• _Data below_:
○ ○ ○ ○ ○
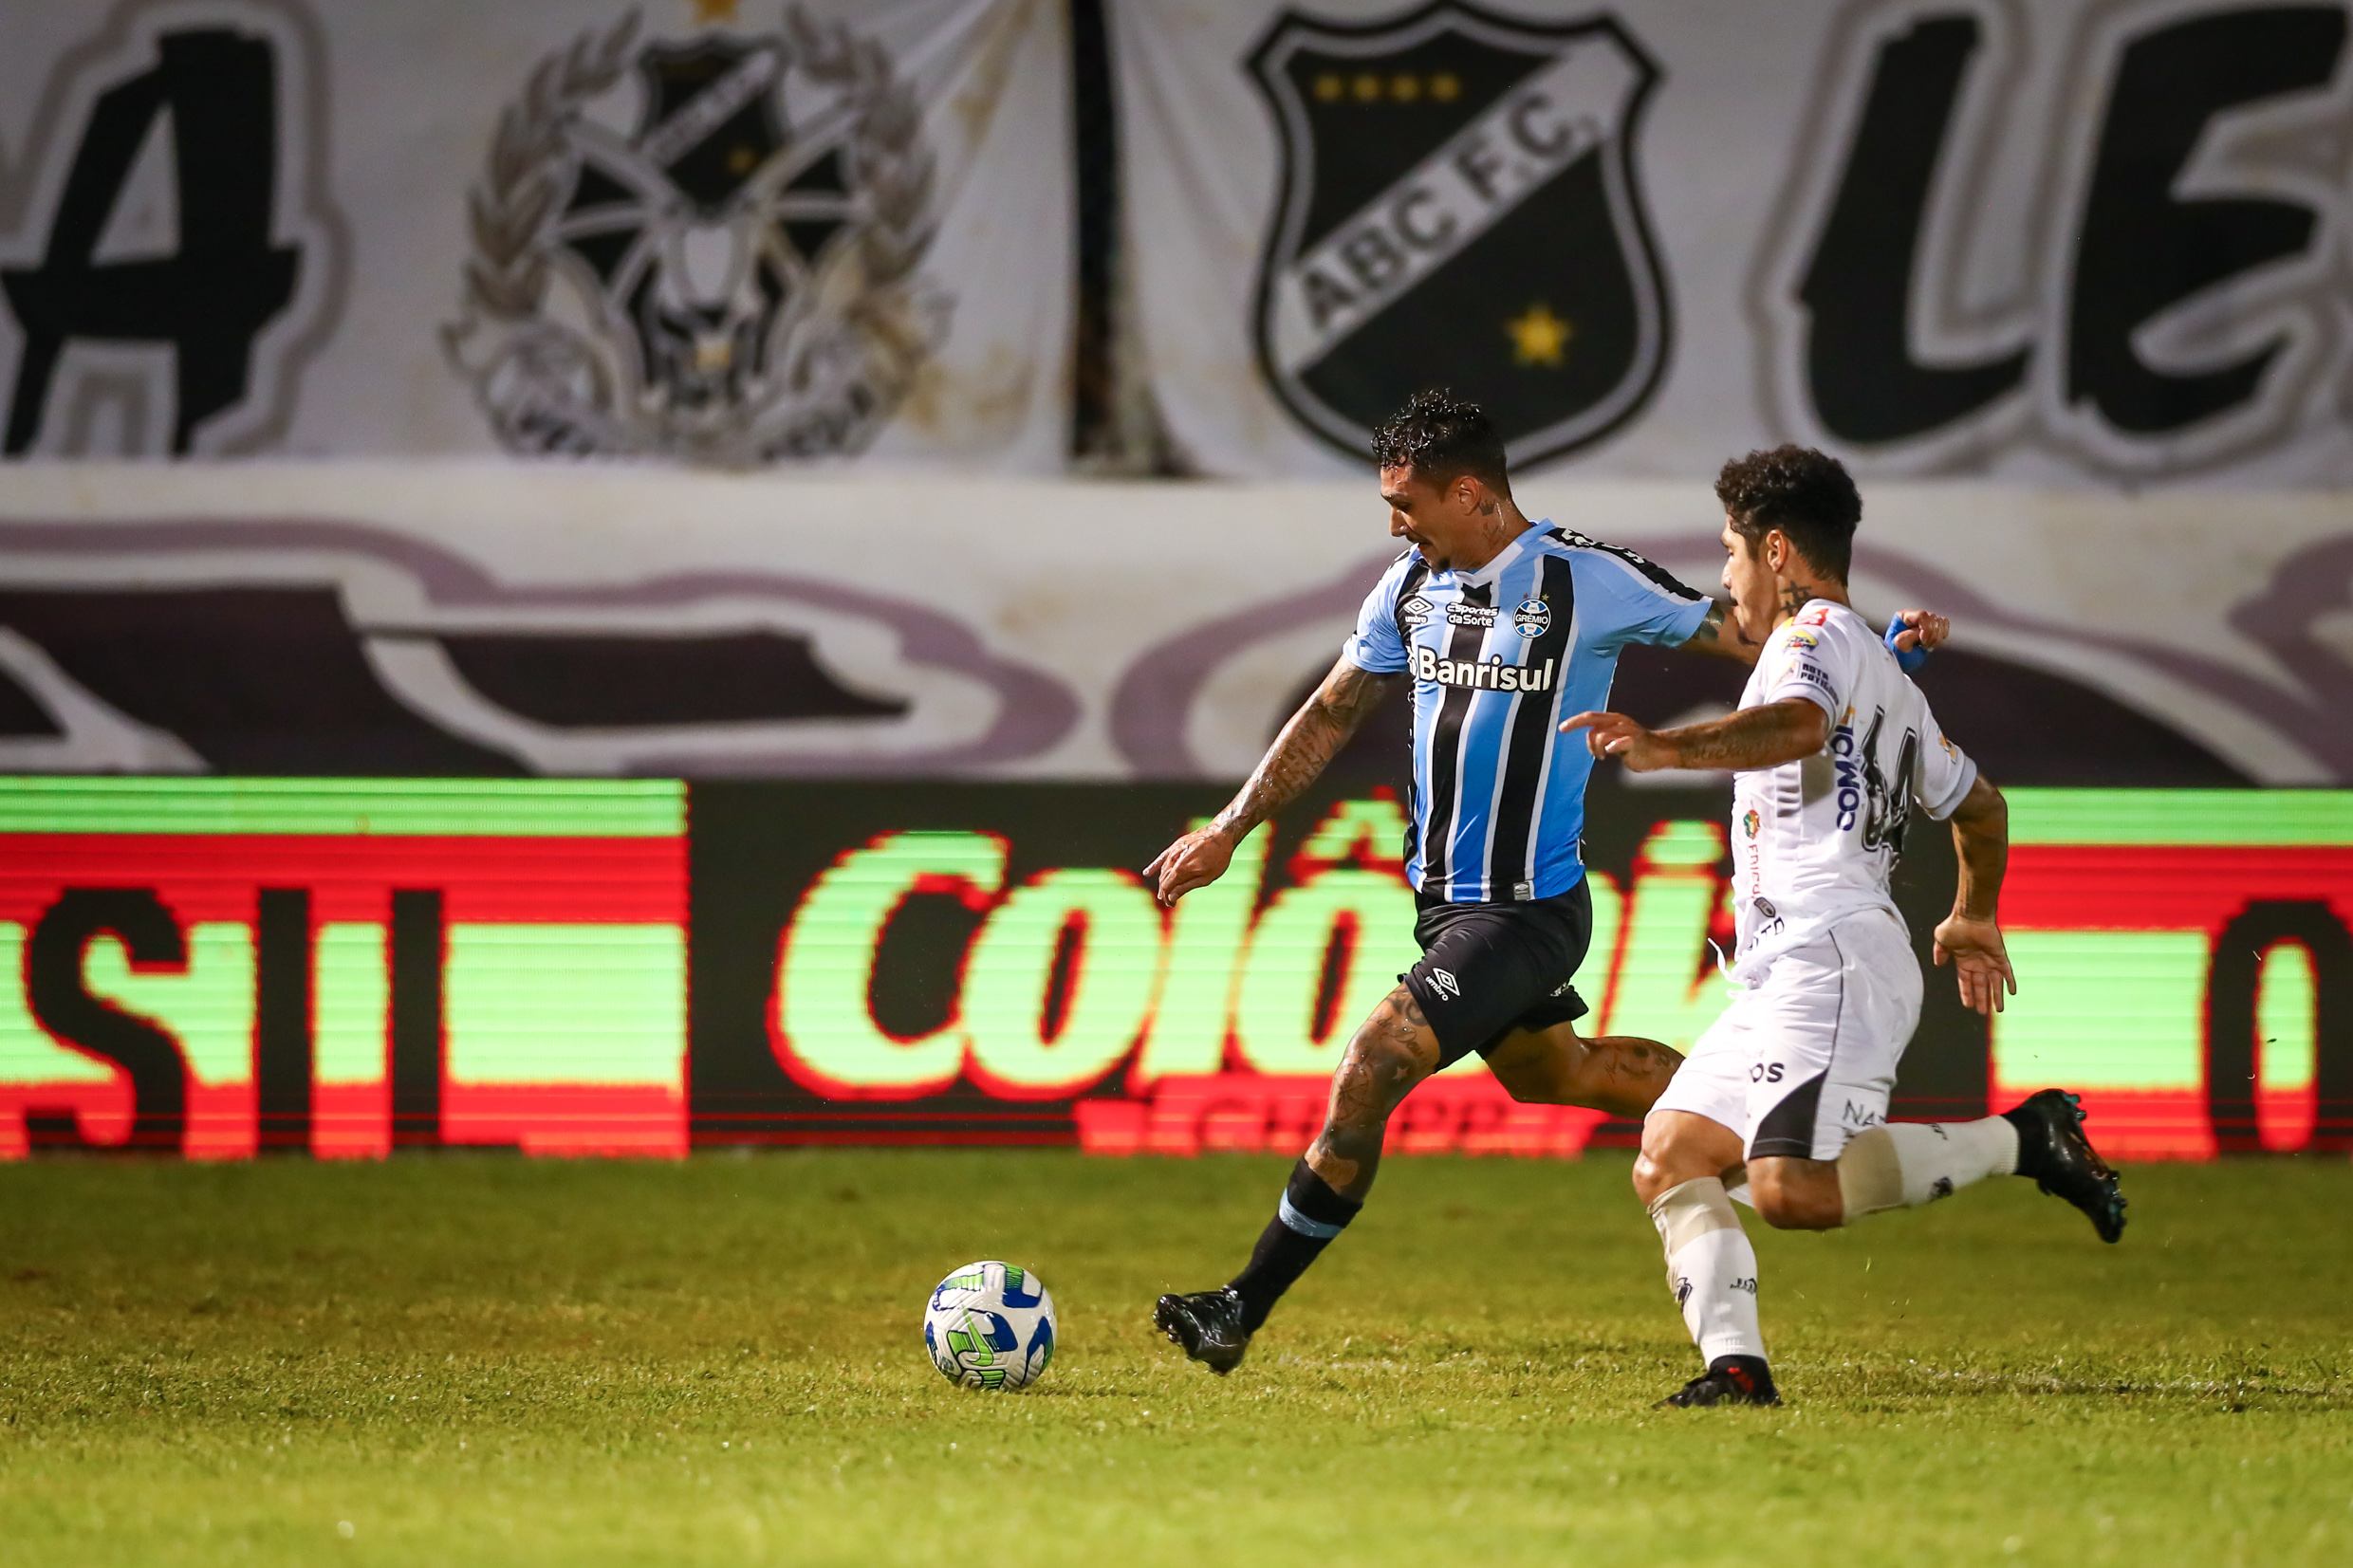 Grêmio vs ABC: A Matchup Between Two Brazilian Football Clubs
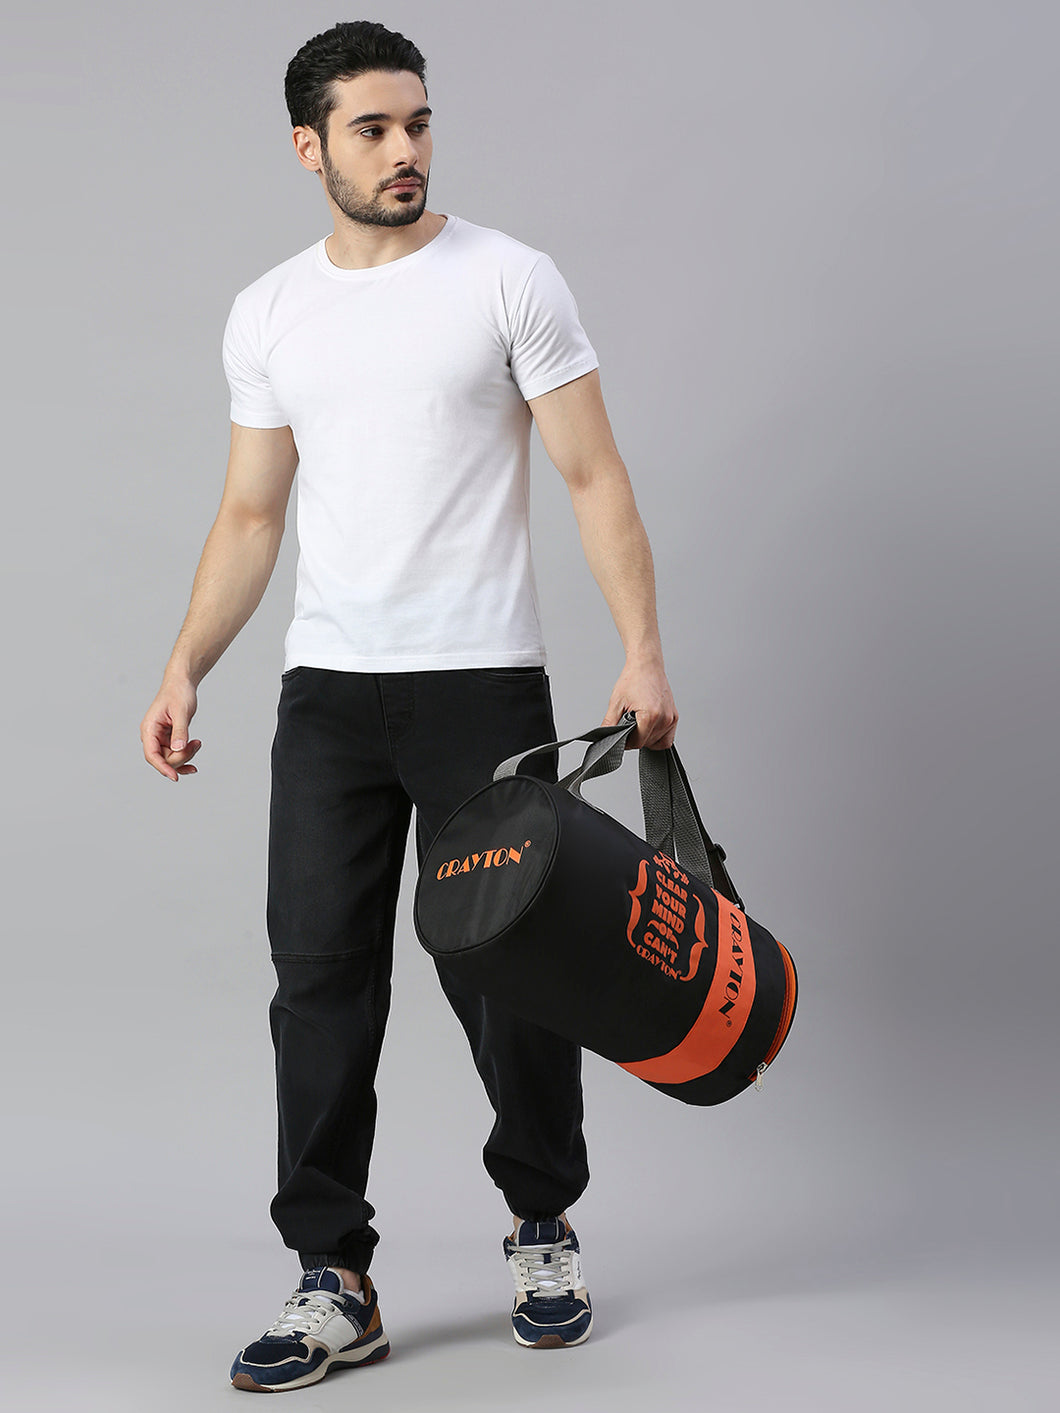 Crayton Gym/ Duffle Orange Black Bag with Shoe Compartment
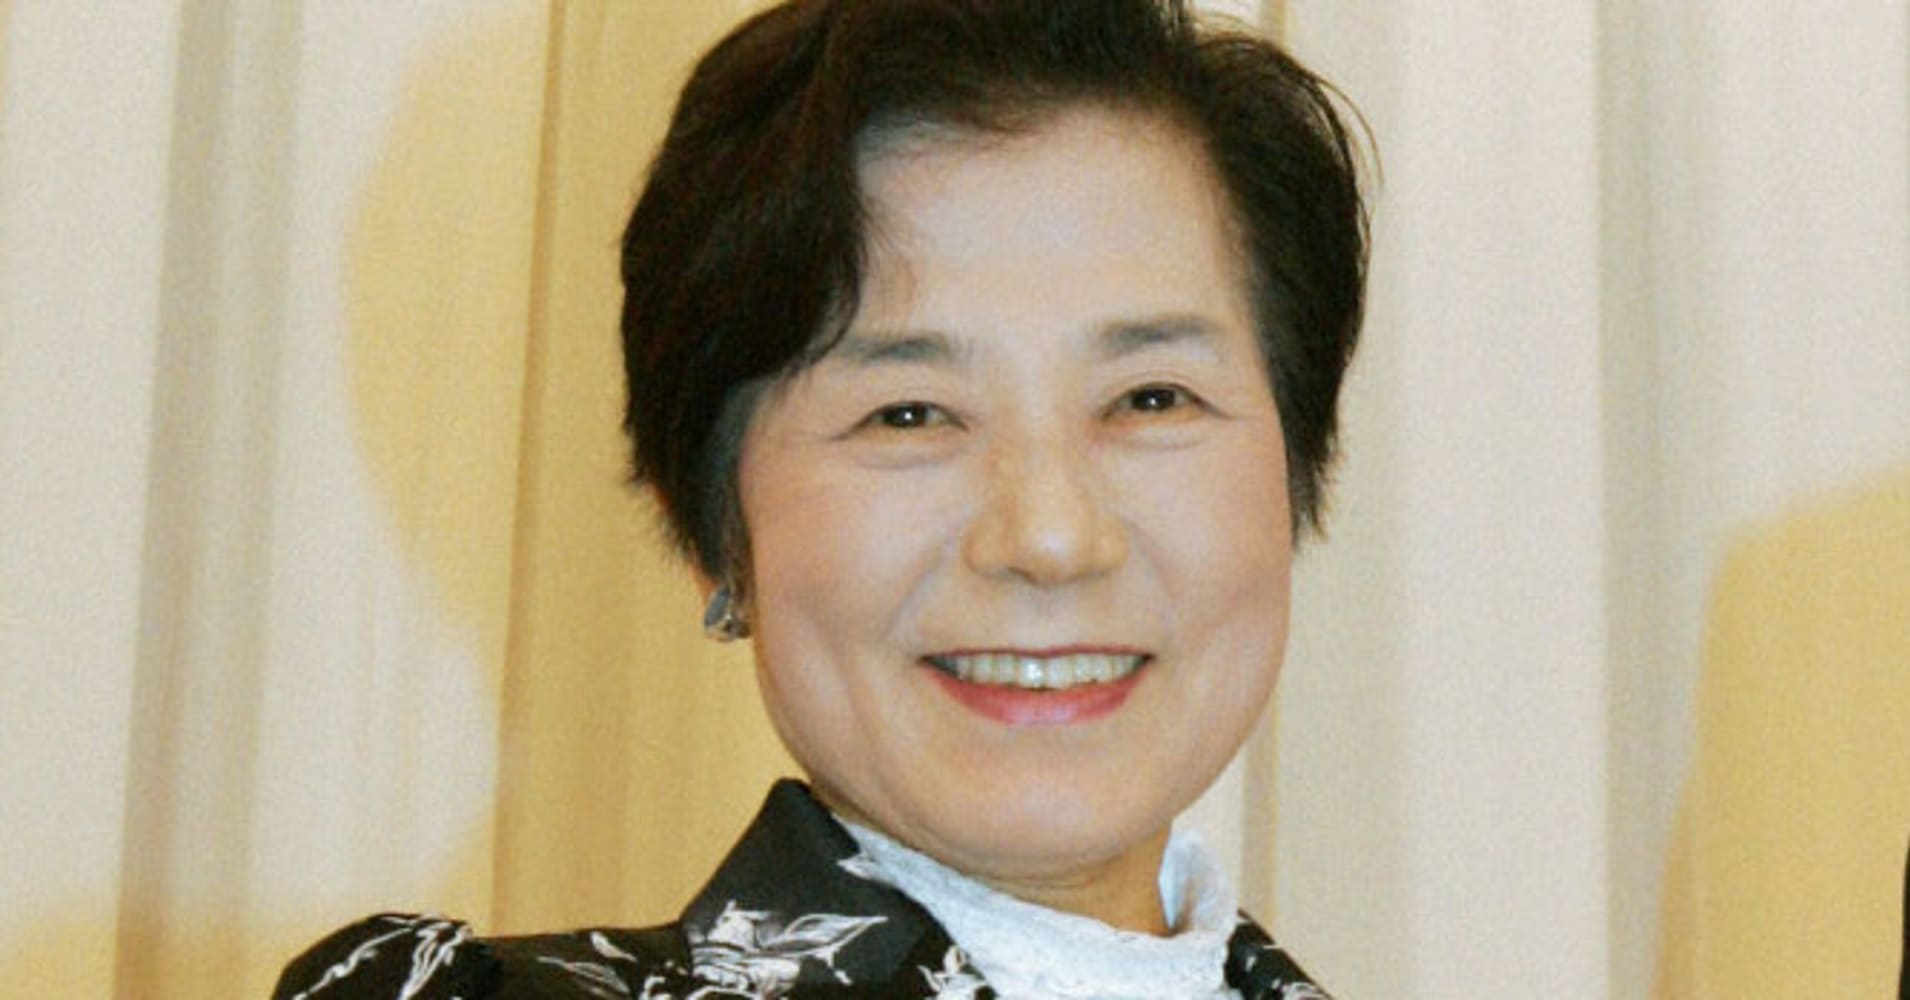 Japans First Self Made Woman Billionaire Began With An Illegal Idea
○ ○ ○ ○ ○
• _About this exercise_: With the pictures set aside, return each line of the listing exactly as given.

• _Task response_:
 Grêmio vs ABC: A Matchup Between Two Brazilian Football Clubs
 Crayton Gym/ Duffle Orange Black Bag with Shoe Compartment
 Japans First Self Made Woman Billionaire Began With An Illegal Idea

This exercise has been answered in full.